Nel contesto, il trio di New York si riallaccia alla tradizione con un atteggiamento positivamente iconoclasta. Azzardando un po’ (ma in fondo nemmeno tanto…) è merito del loro influentissimo secondo album (en passant: adorato da Madlib e 9th Wonder come da Nas e Kendrick Lamar) e di altri personaggi chiave come Gang Starr e Roots se siamo circondati da un jazz contaminato e felicemente attuale. Mentre nel mondo i muri crollano a ripetizione, The Low End Theory assesta una spallata all’ingessato mondo dei jazzisti e contemporaneamente costruisce sulle macerie che ha attorno, schivando la fastidiosa sensazione di posticcio che caratterizzerà altri esperimenti di analoga natura.

Jazz ne abbiamo?

Nessuna finzione, qui: non da parte di chi, nella fusione tra due anelli della storia della black e della popular music, sta compiendo un pionieristico passo avanti perché sa come mescolare tra loro i linguaggi e le fonti. E sa che bisogna insistere, finché non è più possibile (né tanto meno necessario) distinguere tra batterie campionate e suonate, tra la voce lontana ma sempre presente dei samples e la presenza in carne e ossa del maestro Ron Carter.
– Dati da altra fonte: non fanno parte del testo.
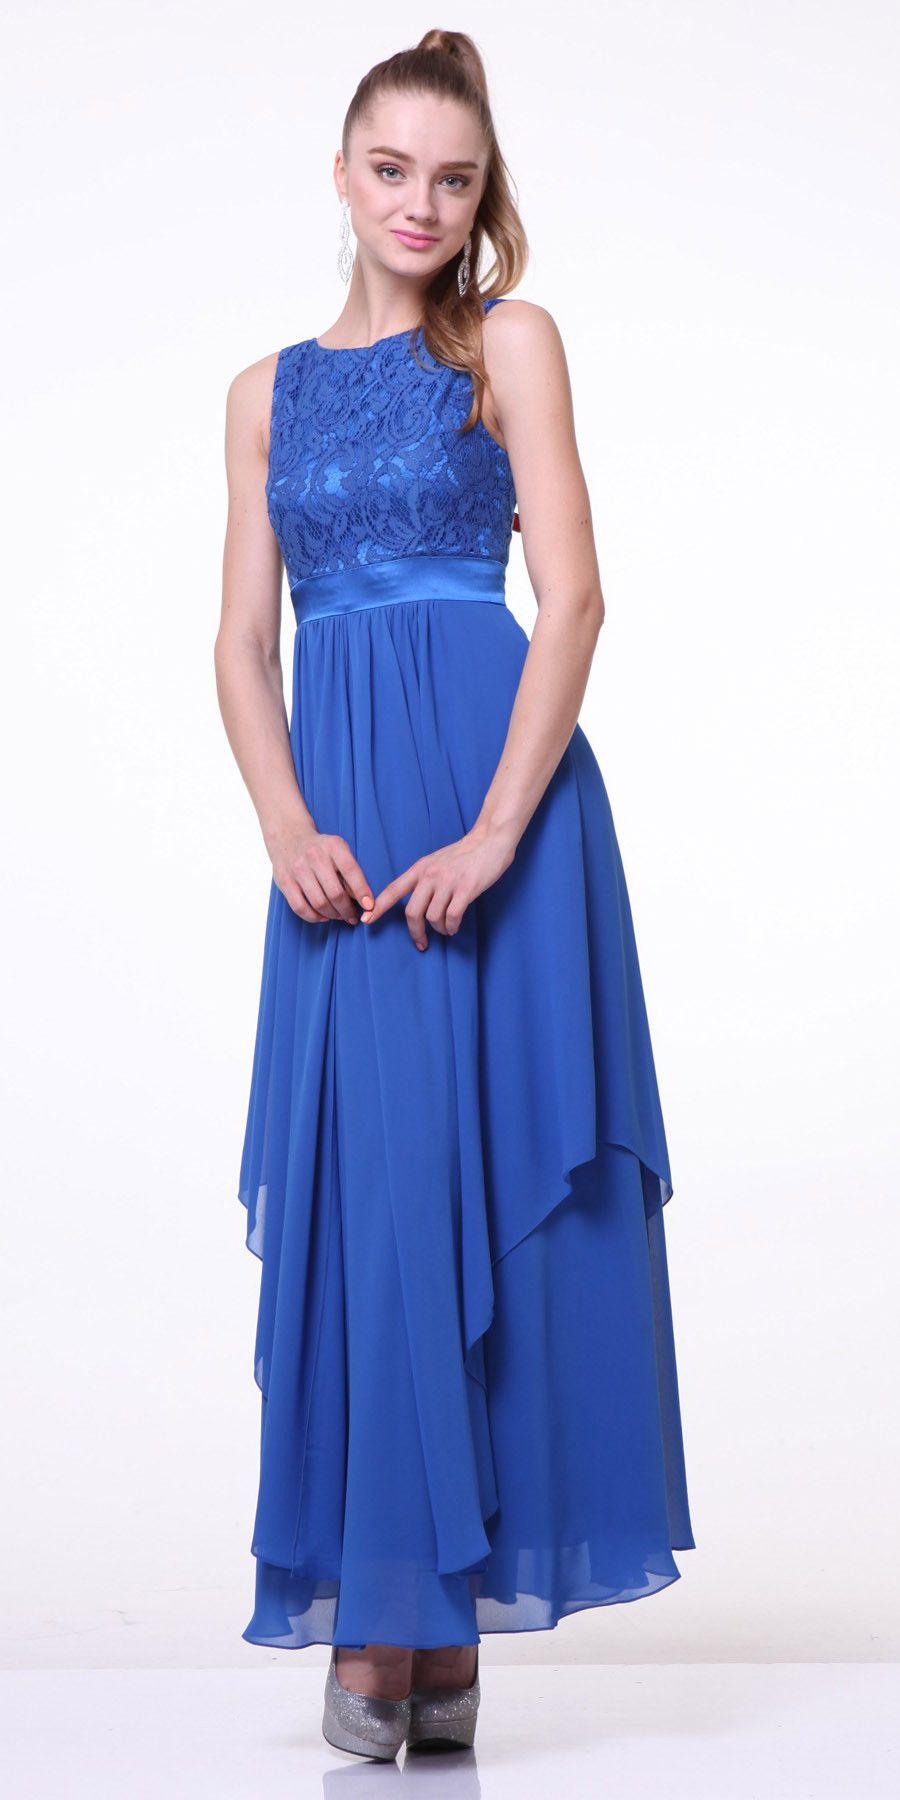 Clearance tea length bridesmaid dress royal blue lace top wide
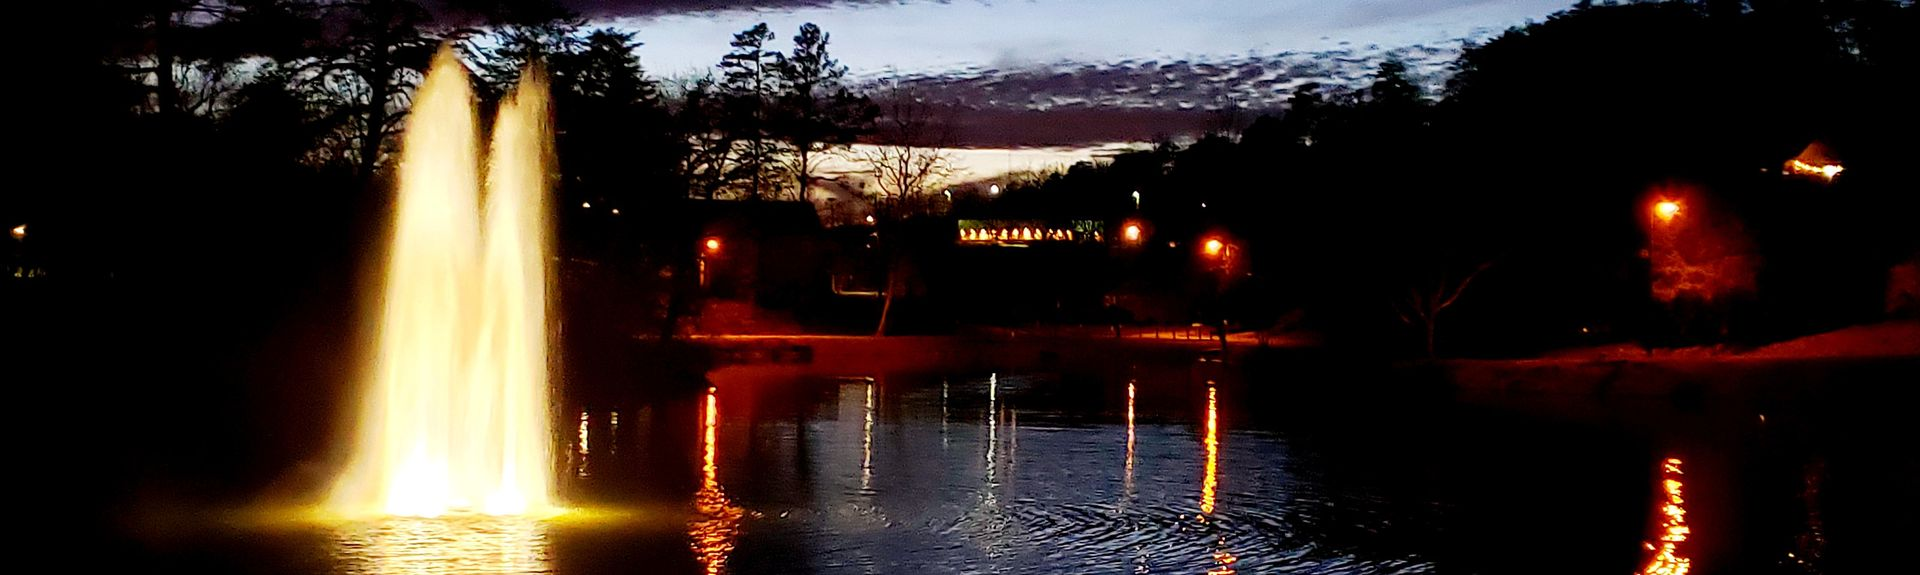 Swannanoa, North Carolina, United States of America

Dopo aver costruito un singolo sulla linea di contrabbasso più celebre del rock, ora lo strumento è nelle mani di uno dei più fidati scudieri di Miles Davis: dichiarazione d’intenti chiarissima e segno evidente che il jazz, diventato l’elemento principale della ricetta, si trasforma da mezzo in messaggio.

Versi concreti

Il che equivale ad affermare che passato, presente e futuro vivono nello stesso attimo e che quello stesso attimo rappresenta uno dei vertici assoluti dell’hip hop. L’improvvisazione è il tratto comune che costruisce un solido ponte dove viaggiano le seduzioni melodiche e l’interazione tra Q-Tip e Dawg, nondimeno è su “low” ed “end” che va posto l’accento. Sulle frequenze basse che restituiscono il calore e le pastosità di un disco con infiniti tentativi di imitazione e poggiato su un minimalismo curato nei dettagli.

Lo stesso vale per una scaletta dalla rara unità d’insieme: Excursions spiega l’aria che tira con un rotondo groove, tagliato in orizzontale da un intreccio di fiati e voci fino al contrappunto dell’ombrosa Buggin’ Out, laddove Rap Promoter e Everything Is Fair modernizzano il funk urbano e Vibes and Stuff è rallentata, meditativa. Se in Verses from the Abstract il talento supremo di Carter si salda a scintillanti venature soul, la pregiata stoffa di Butter, Show Business e The Infamous Date Rape possiede classe e slancio, Jazz (We’ve Got) avrebbe fatto la sua figura nei solchi di Blue Lines, What? è guizzante e Skypager complessa con stile.

Rime ne abbiamo?

La somma restituisce un capolavoro dall’ottimo riscontro critico e di vendite, anche in virtù di singoli fortunati come la perentoria Check the Rhime e una trascinante Scenario dove compaiono i Leaders of the New School della futura stella Busta Rhymes. Sistemata la pietra miliare, da qui in poi non si va assolutamente in discesa. Anzi, gli A Tribe Called Quest riusciranno a variare gli schemi in una discografia smilza ed esente da pecche, scandita tra periodiche separazioni e rimpatriate gestite con la dignità degli autentici grandi.

Trova Busta.

La dice lunga che l’ultimo capitolo della saga, We Got It From Here… Thank You 4 Your Service, coincida nel 2016 con la dipartita di Phife Dawg, disegnando un cerchio chiuso nel quale ci si guarda indietro e allo specchio con profonda maturità. Da veri grandi, per l’appunto. E allora, signore e signori, potere alla parola, ma soprattutto al basso!